La parità di genere nel mondo del lavoro è ancora lontana nel bel Paese, con trattamenti lavorativi molto diversi tra donne e uomini.
L’Italia si posiziona, infatti, al quattordicesimo posto in Europa nella classifica dell’Indice sull’uguaglianza di genere elaborato da EIGE (European Institute for Gender Equality).
Un ritardo, però, che non riguarda soltanto il nostro Paese. Dall’annuale report sul gender gap pubblicato dal World Economic Forum, infatti, risulta che nel 2022, a livello mondiale, il divario di genere è stato colmato per il 68%, una percentuale ancora bassa per il raggiungimento dell’effettiva gender equality e per cui, si stima, occorrerebbero addirittura altri 132 anni. Nessun Paese, quindi, spiega il rapporto, ha ancora raggiunto la piena ed assoluta eguaglianza tra uomo e donna, eccezione fatta per l’Irlanda dove il divario risulta essere meno accentuato (qui è colmato per il 91%).
Sono diversi gli aspetti che riguardano il gender gap: divario economico e retributivo, differenti opportunità lavorative, diverso trattamento nei ruoli svolti, disparità di ore lavorate dai due sessi. Ad alimentarlo anche un numero minore di donne che lavorano in ambito technology – attualmente tra i campi maggiormente in crescita nel mercato. Questo determina spesso la sospensione o l’interruzione di carriera legate alla maternità o all’assistenza di familiari, le dimissioni volontarie a causa di difficoltà riscontrate nel conciliare al meglio vita lavorativa e privata, i pregiudizi nella selezione del personale.

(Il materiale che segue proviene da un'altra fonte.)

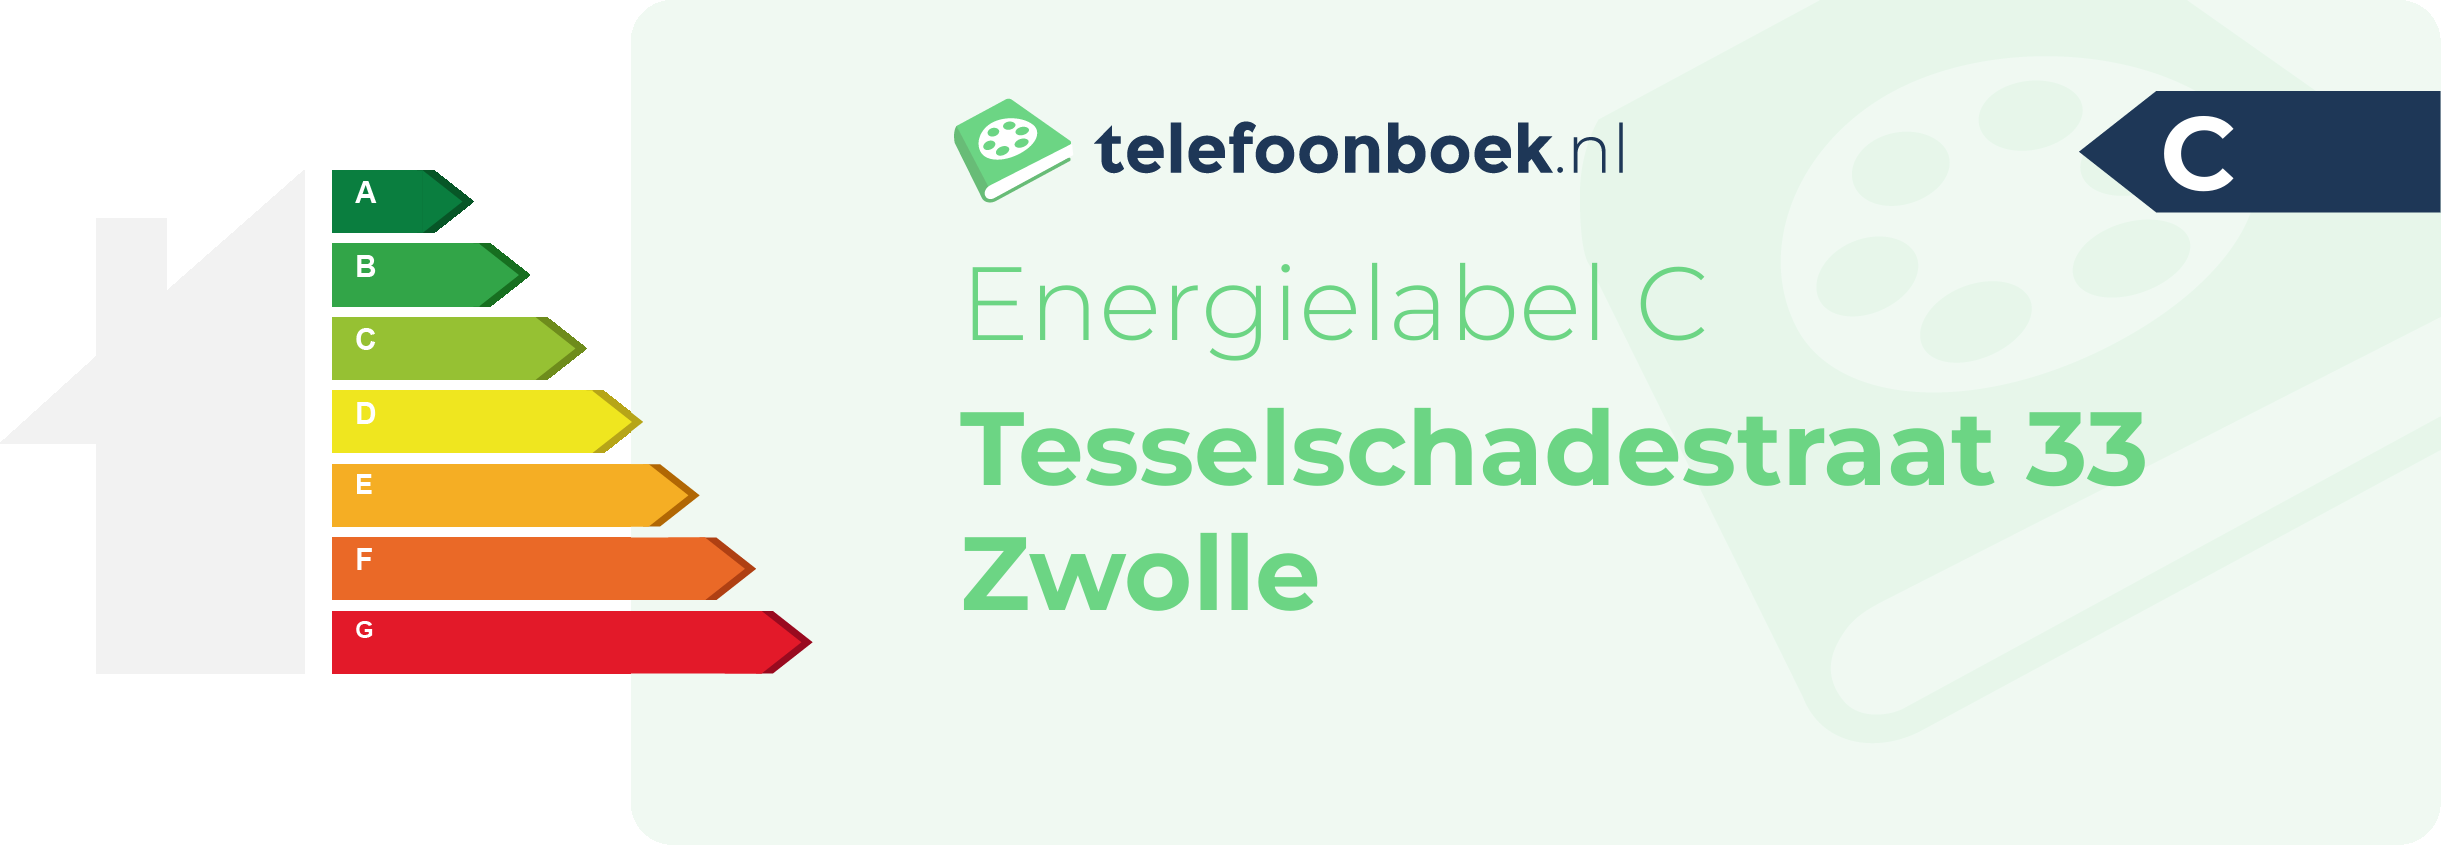 Energielabel Tesselschadestraat 33 Zwolle

Relativamente all’aspetto retributivo, l’indice del divario tra il genere femminile e quello maschile si riferisce allo stipendio lordo medio, a parità di funzioni e ruoli lavorativi svolti. Secondo gli ultimi dati pubblicati dall’Istat, in Italia il gap salariale si attesta intorno al 16,5%. E il divario non riguarda unicamente la retribuzione ma anche la condizione secondo cui alcune posizioni ai vertici sono riservate quasi esclusivamente agli uomini, discriminando così la crescita professionale di molte donne. La conseguenza è che solo il 28% di donne ricoprono ruoli manageriali. Elevata anche la percentuale di donne disoccupate ed in numero maggiore rispetto a quella maschile: su 23,3 milioni di italiani che a gennaio 2023 risultavano occupati, infatti, 13,43 sono uomini e 9,87 sono donne, con 7,9 milioni di inattive e 1 milione e 30 mila disoccupate. Ciò nonostante, l’occupazione femminile registra miglioramenti rispetto alla fase più acuta della pandemia, quando era calata sotto la soglia del 50%. Il dato resta comunque molto distante dal 62,7% della media europea.
Gli strumenti per contrastare la disparità di trattamento tra uomini e donne esistono e in alcune realtà aziendali andrebbero potenziati. Tra le priorità, favorire politiche di sostegno alla maternità, prevedendo lo smart working per le lavoratrici – madri; implementare gli asili interni alle aziende o sussidi economici come il bonus asilo; prevedere percorsi di carriera taylor made, che tengano conto delle esigenze legate a famiglia e lavoro; sostenere la leadership femminile e consentire alle donne di ricoprire posizioni di vertice; garantire una maggiore parità a livello retributivo, basandosi su criteri meritocratici condivisi e trasparenti; attivare azioni concrete per condividere, attraverso una coinvolgente comunicazione interna, la cultura della gender equality in azienda.
Tematiche, queste, che negli ultimi anni hanno assunto notevole rilevanza a livello sociale ed imprenditoriale, con l’auspicio che il gender equality possa divenire presto un pilastro intorno al quale costruire una società ed un mondo lavorativo più sano.